◆ Information shown:

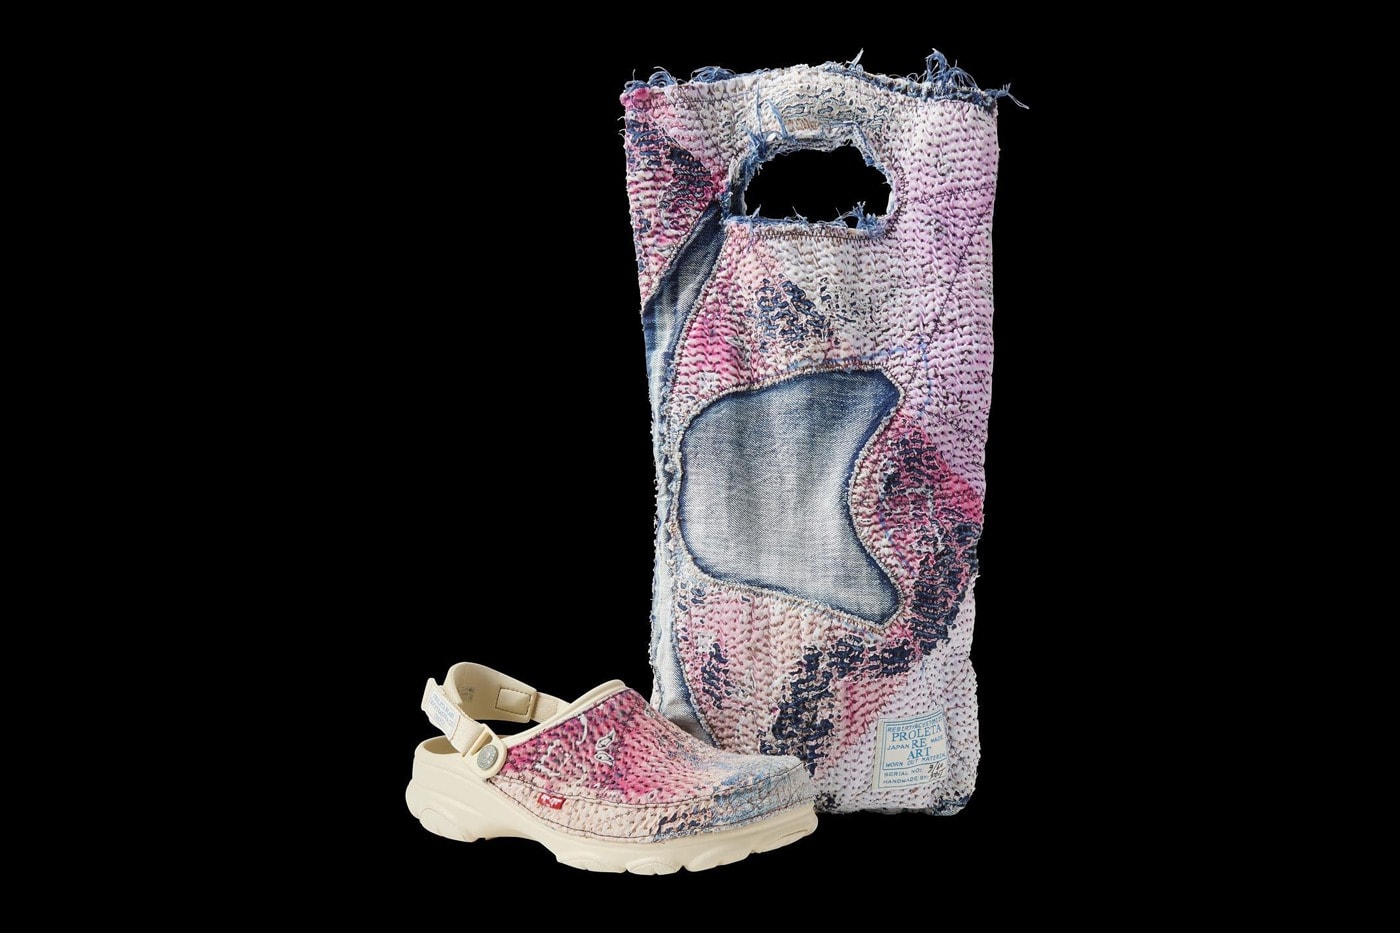 PROLETA RE ART 攜手 Levi's、Crocs 打造特殊鞋款、鞋袋系列
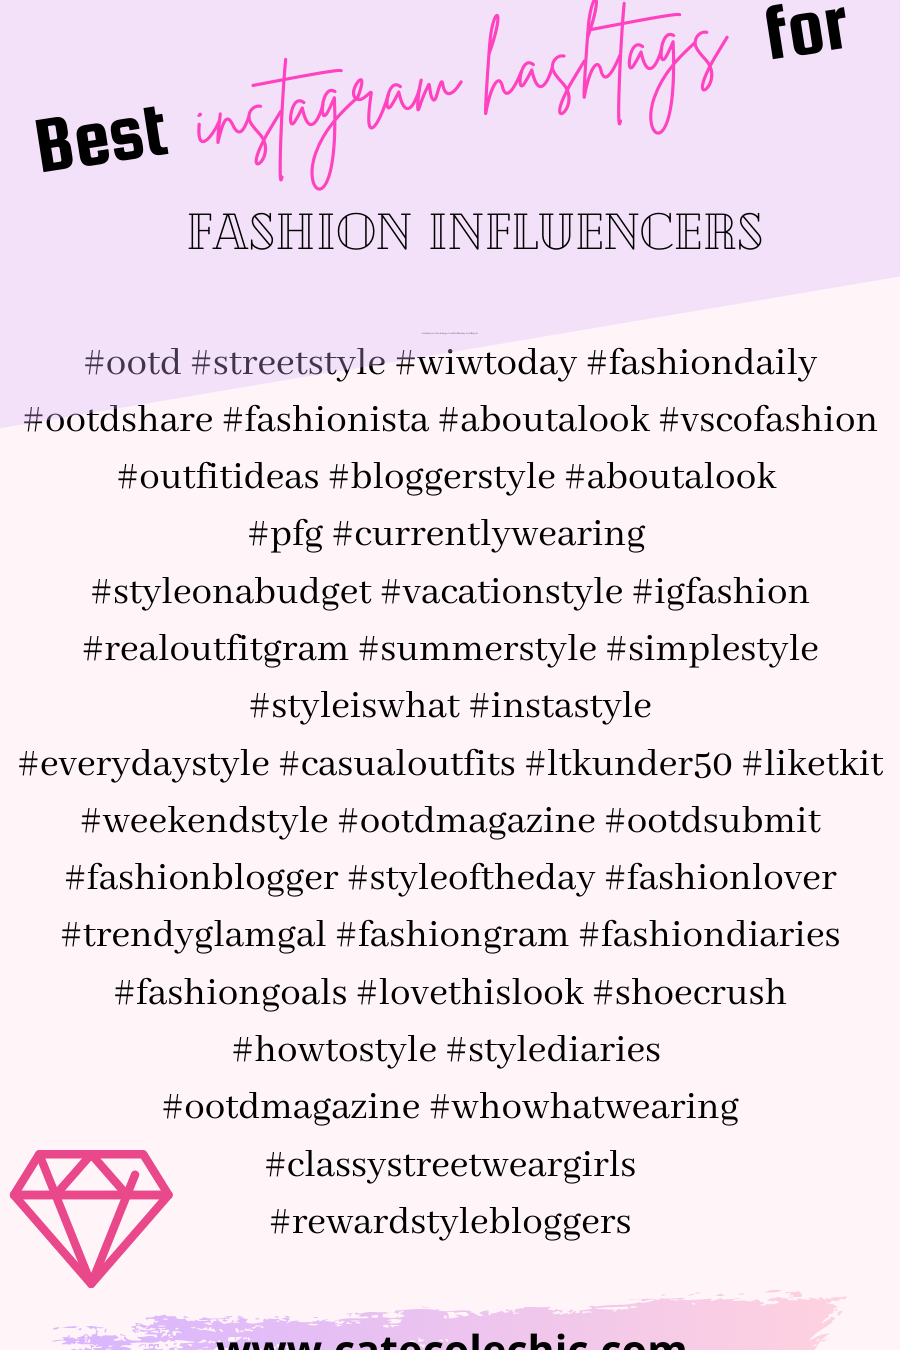 Los mejores hashtags de Instagram para influencers de moda |
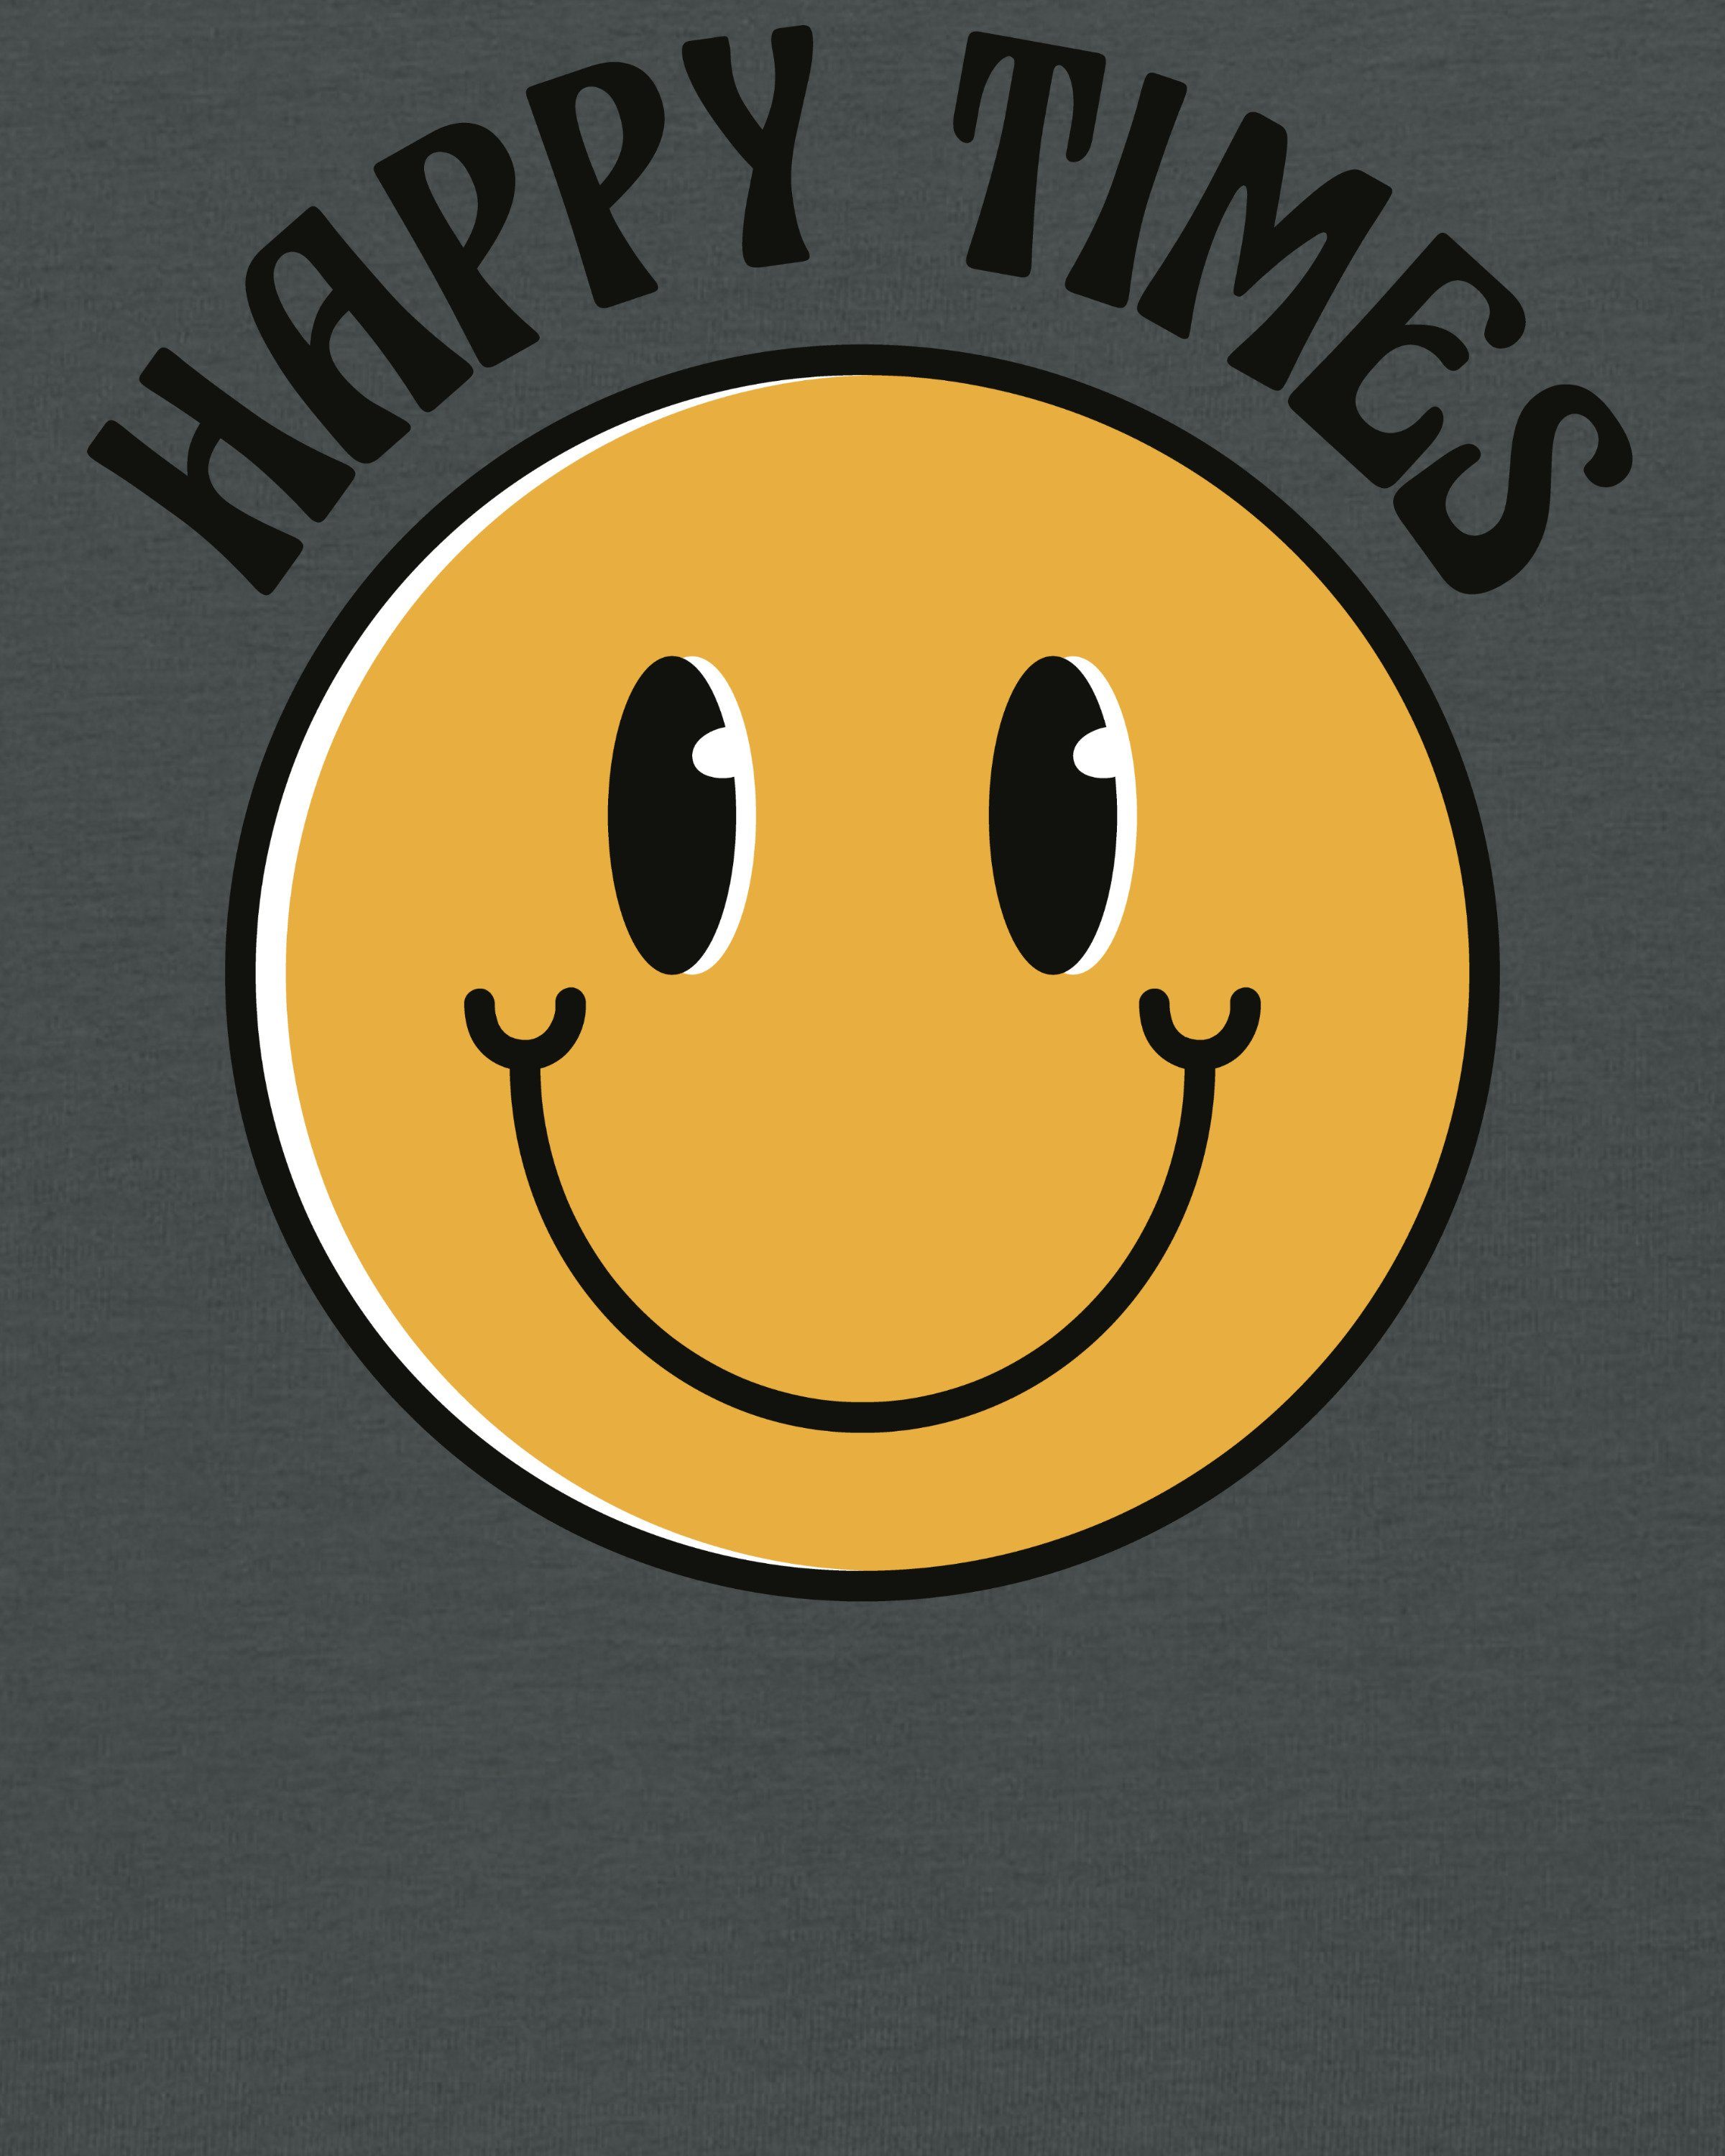 Apparel smiley emoji antrazit (1-tlg) wat? times Happy Print-Shirt

◆ Your assignment: Print every line above exactly as given, but not the pictures.

◆ Your response:
 PROLETA RE ART 攜手 Levi's、Crocs 打造特殊鞋款、鞋袋系列
 Los mejores hashtags de Instagram para influencers de moda |
 Apparel smiley emoji antrazit (1-tlg) wat? times Happy Print-Shirt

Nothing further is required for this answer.